From 842e4af70578fef0b4d9bf2b71ac120c98b6399a Mon Sep 17 00:00:00 2001
From: Daniel Garcia Brito <daniel.garcia.brito@mrmilu.com>
Date: Fri, 26 Dec 2025 10:44:41 +0000
Subject: [PATCH 1/3] chore: update actions version

---
 .github/workflows/cicd.yml | 4 ++--
 1 file changed, 2 insertions(+), 2 deletions(-)

diff --git a/.github/workflows/cicd.yml b/.github/workflows/cicd.yml
index f525092..a3569c0 100644
--- a/.github/workflows/cicd.yml
+++ b/.github/workflows/cicd.yml
@@ -20,7 +20,7 @@ jobs:
 
     steps:
       - name: Checkout code
-        uses: actions/checkout@v3
+        uses: actions/checkout@v4
 
       - name: Set up Docker Buildx
         uses: docker/setup-buildx-action@v3
@@ -74,4 +74,4 @@ jobs:
           cd $PROJECT_PATH
           set -euxo pipefail
           git pull
-          ansible-playbook -i inventory/${{ github.ref_name == 'master' && 'production' || 'staging'}} site.yml --tags deploy --extra-vars "services_to_start=['front'] docker_compose_project_github_token=${{ secrets.GITHUB_TOKEN }} docker_compose_project_github_actor=${{ github.actor }}"
\ No newline at end of file
+          ansible-playbook -i inventory/${{ github.ref_name == 'master' && 'production' || 'staging'}} site.yml --tags deploy --extra-vars "services_to_start=['front'] docker_compose_project_github_token=${{ secrets.GITHUB_TOKEN }} docker_compose_project_github_actor=${{ github.actor }}"

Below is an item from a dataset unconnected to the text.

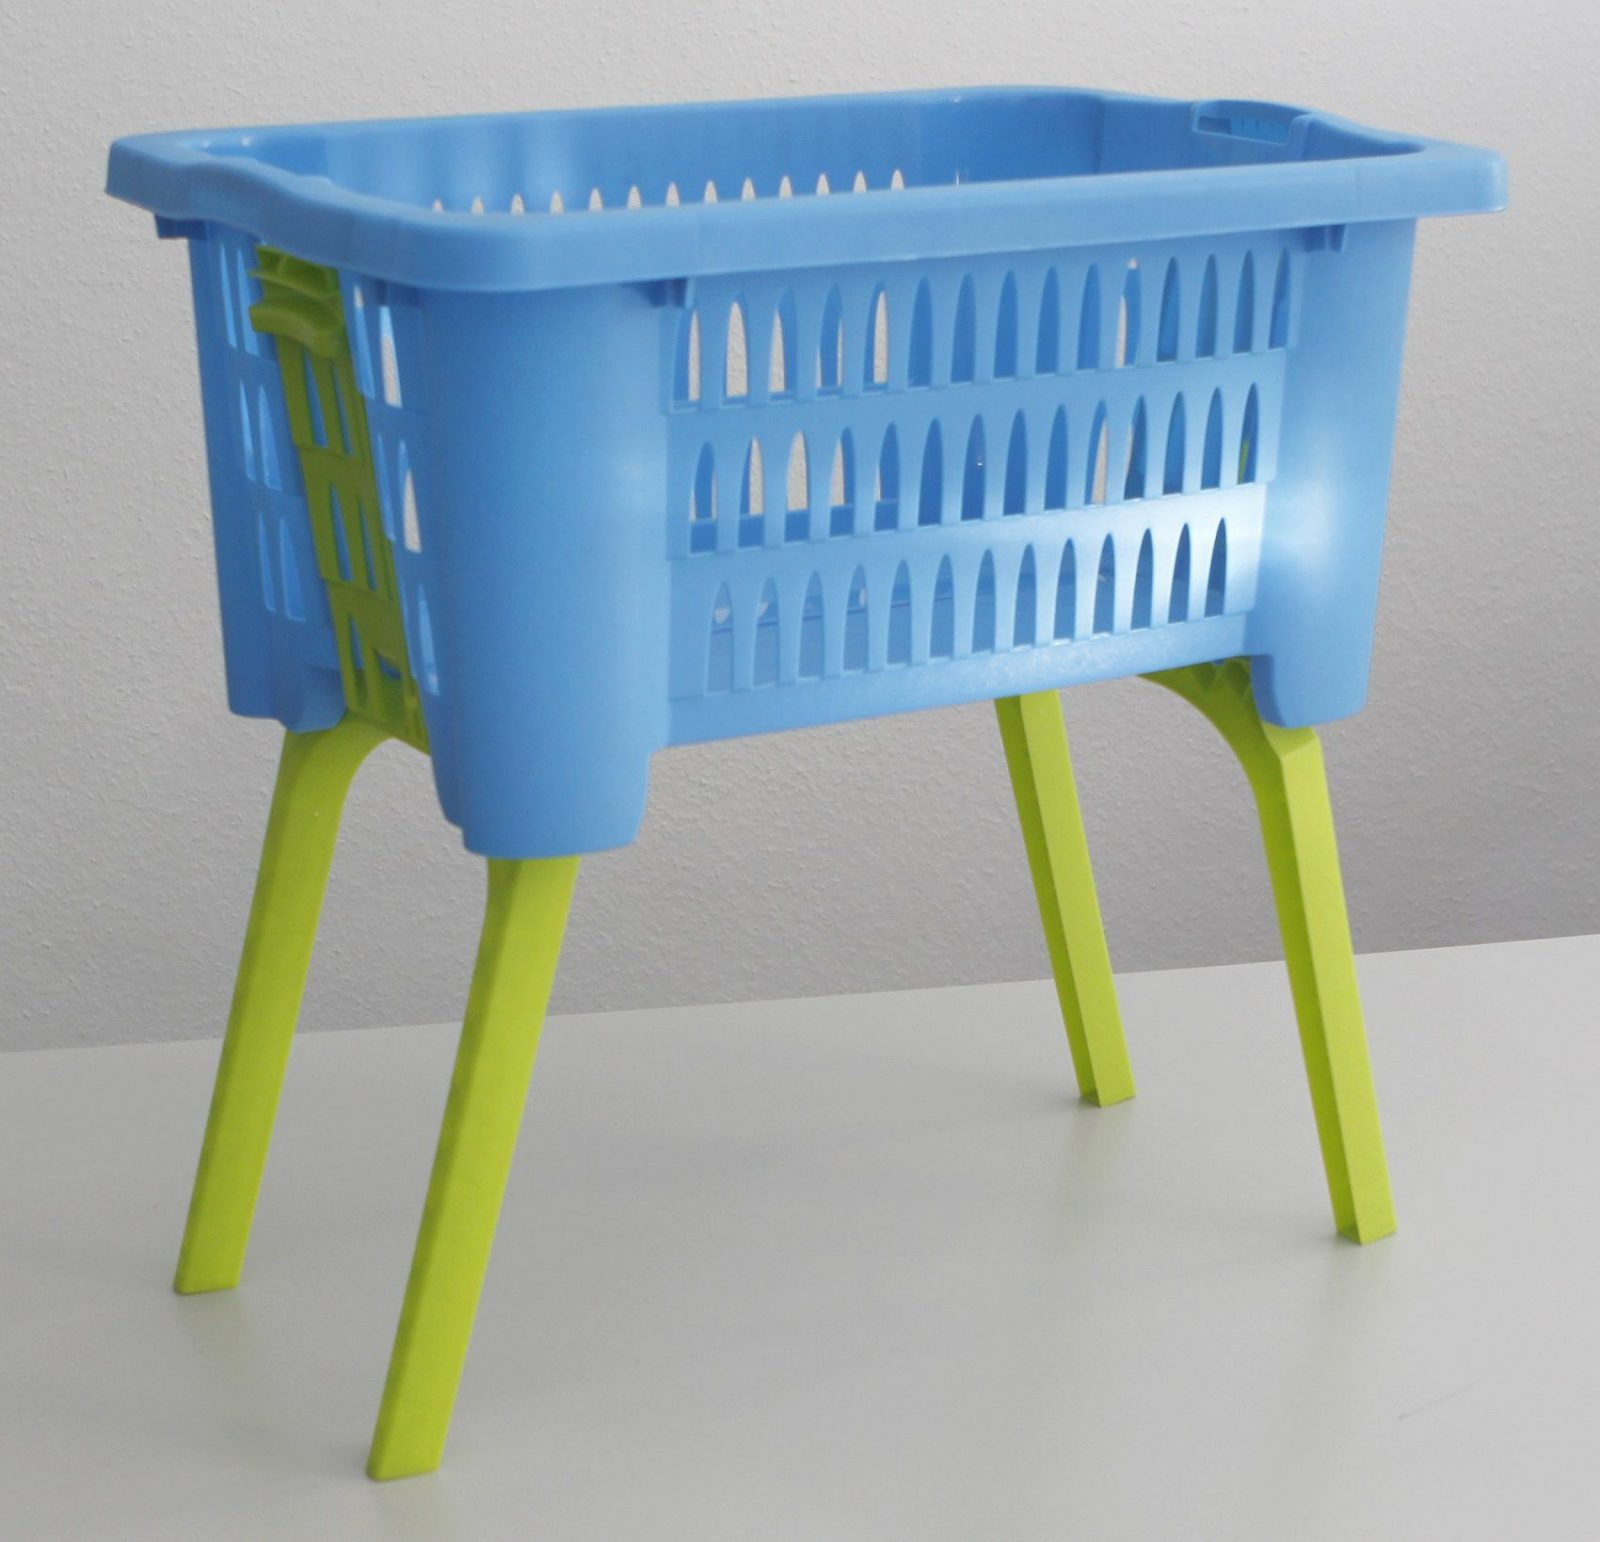 Wäschekorb Mit Ausklappbaren Beinen 60 X 40 X 58 Cm Hellblau Grün von Wäschekorb Mit Ausklappbaren Beinen Bild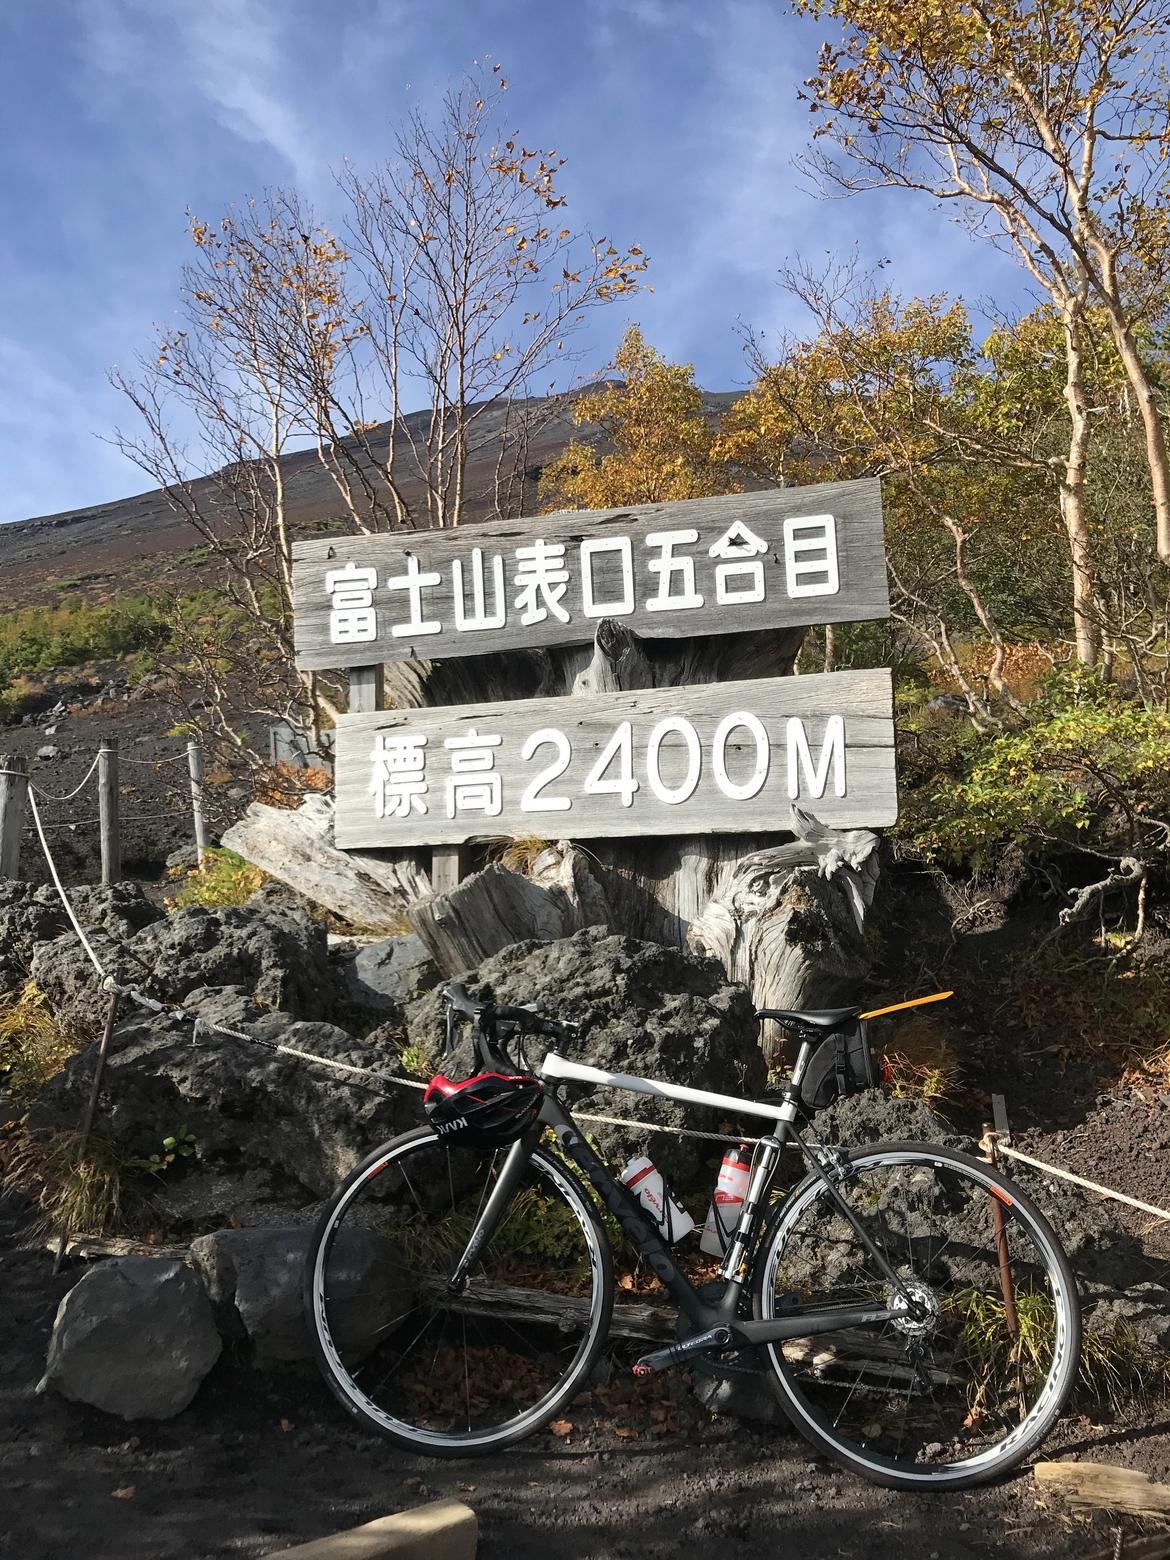 富士山表口五合目,海拔2400米

From baba11697e16893a6fb90c52d0b94a349721b88d Mon Sep 17 00:00:00 2001
From: Daniel Garcia Brito <daniel.garcia.brito@mrmilu.com>
Date: Wed, 31 Dec 2025 11:31:55 +0000
Subject: [PATCH 2/3] chore: add audit for dependencies and improve dockerfile

---
 .github/workflows/cicd.yml | 16 ++++++++
 Dockerfile                 | 78 +++++++++++++++++++++++++++++++++-----
 2 files changed, 85 insertions(+), 9 deletions(-)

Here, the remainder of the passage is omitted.